Dans l’ambiance actuelle de ralliements faciles, le Tchad va avoir grand besoin d’une réelle vigilance citoyenne, afin que l’avenir de ce peuple soit fait d’un peu plus d’évolutions concrètes.
Au Tchad, l’opposant historique Saleh Kebzabo est désormais Premier ministre, et Gali Ngothé Gatta, qui a présidé le Dialogue national inclusif et souverain, est Secrétaire général de la présidence de la République. Comment comprendre que les critiques les plus acerbes viennent de l’opposition, alors que ces deux personnalités promues sont extérieures au régime de Déby-père ?
Davantage que de critiques, il s’agit, en fait de perplexité et d’embarras. Que Saleh Kebzabo et Gali Ngothé Gatta soient les bénéficiaires des premières nominations d’importance décidées par Mahamat Idriss Déby laisse une impression de promotions à volonté, comme dans un échange de bons procédés. D’abord, la consécration de Mahamat Idriss Déby dans ses fonctions de chef d’État, symboliquement validée par Gali Ngothé Gatta, en sa qualité de président du Dialogue national inclusif et souverain. Aussitôt après son investiture, le président de la Transition choisit comme Secrétaire général de « sa » présidence, Gali Ngothé Gatta. Puis, il nomme comme Premier ministre Saleh Kebzabo, « numéro deux » de l’organe qui a préparé le même Dialogue national. Ainsi donc, le nouveau président Déby recrute deux de ses principaux collaborateurs (et potentiels acteurs majeurs de « sa » présidence) parmi les arbitres de ce Dialogue qui lui aura voulu tant de bien.
L’idée que les uns seraient redevables aux autres, dans ce que vous qualifiez de promotion à volonté, ne risque-t-elle pas de jeter la confusion dans l’esprit des Tchadiens ?
C’est qu’il y a matière à confusion. D’autant qu’une partie de l’opinion n’a cessé de suspecter ce dialogue d’avoir été biaisé, aussi bien dans le choix des participants que dans la sincérité de l’agenda, du contenu. Tant et si bien que certains, parmi ceux qui ont choisi d’y participer, ont fini par se retirer, confirmant ouvertement les craintes émises sur sa sincérité par la coalition citoyenne Wakit Tama, et par l’opposant Succès Masra, pour qui ce Dialogue ne visait qu’à perpétuer un système, au profit d’un seul homme.
Mais, pour certains réalistes professionnels, un Mahamat Idriss Déby secondé par Saleh Kebzabo et Gali Ngothé Gatta est, de loin, préférable à un Mahamat Idriss Déby otage du même entourage de médiocrité qui a tant contribué aux dérives du régime du défunt maréchal.
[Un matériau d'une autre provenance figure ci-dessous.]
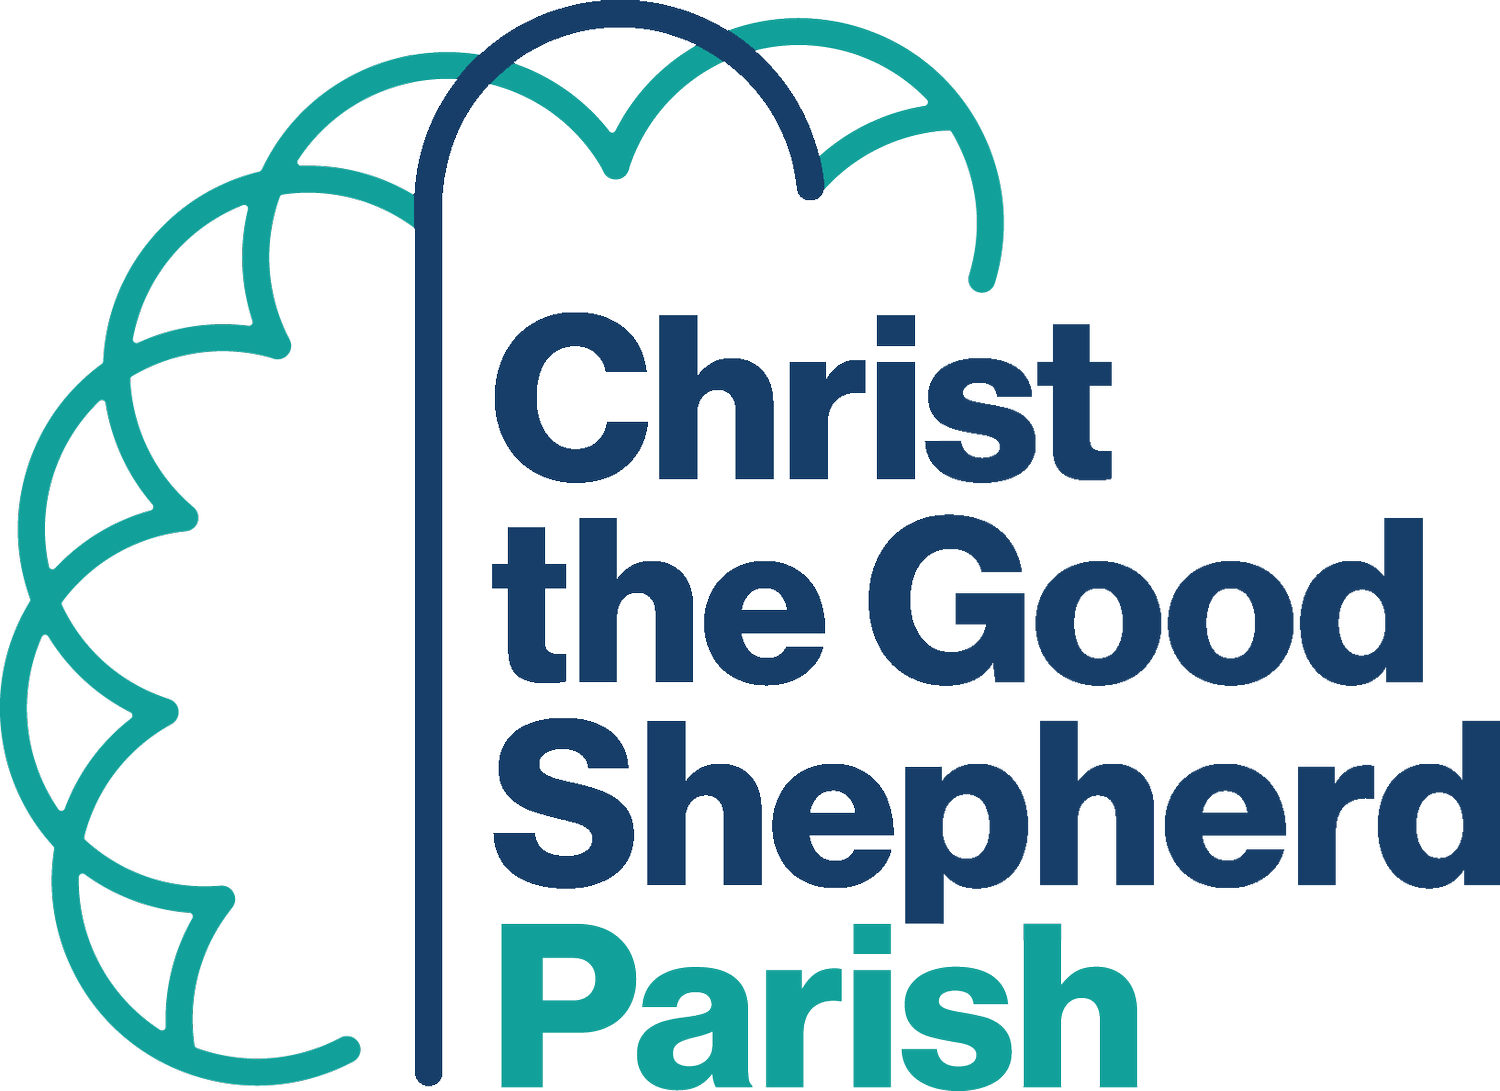 Christ the Good Shepherd Parish

Nul ne reprocherait à ces deux hommes de s’être ralliés au jeune président… Si reproche il devait y avoir, il tiendrait surtout au fait qu’entre les précédentes responsabilités, dans lesquelles on les voulait impartiaux, et les nouvelles, au service de Mahamat Idriss Déby, ils n’ont pas marqué ce que l’on qualifierait de délai de décence, sinon de veuvage.
Passer ainsi des fonctions de neutralité théorique – dans lesquelles on les suspectait de « travailler » secrètement pour le président – à des fonctions dans lesquelles ils travaillent ouvertement pour celui-ci, dans une telle proximité, suscite des interrogations quant à l’impartialité des décisions qu’ils ont pu prendre dans leurs attributions antérieures.
Pourquoi ne pas scruter l’avenir, plutôt que de ressasser ce passé récent ?
Il faut avancer, en effet. Mais, ces ralliements faciles indiquent que le Tchad, plus que jamais, va avoir besoin de la vigilance citoyenne de Wakit Tama, et même de l’intransigeance de Succès Masra. À condition, évidemment, que ses petits camarades lui laissent la vie, au propre comme au figuré. Car, dans cet environnement cruel, certains ne reculent devant rien, pour faire taire les voix qu’ils perçoivent comme une menace pour leurs intérêts. Or, Succès Masra est audible. Sa voix sait porter les espérances de ce peuple désabusé. Et, s’il reste fidèle à ses convictions, il pourrait devenir de plus en plus gênant pour certains. Mais, utile pour le Tchad, si rien de fâcheux ne lui arrive.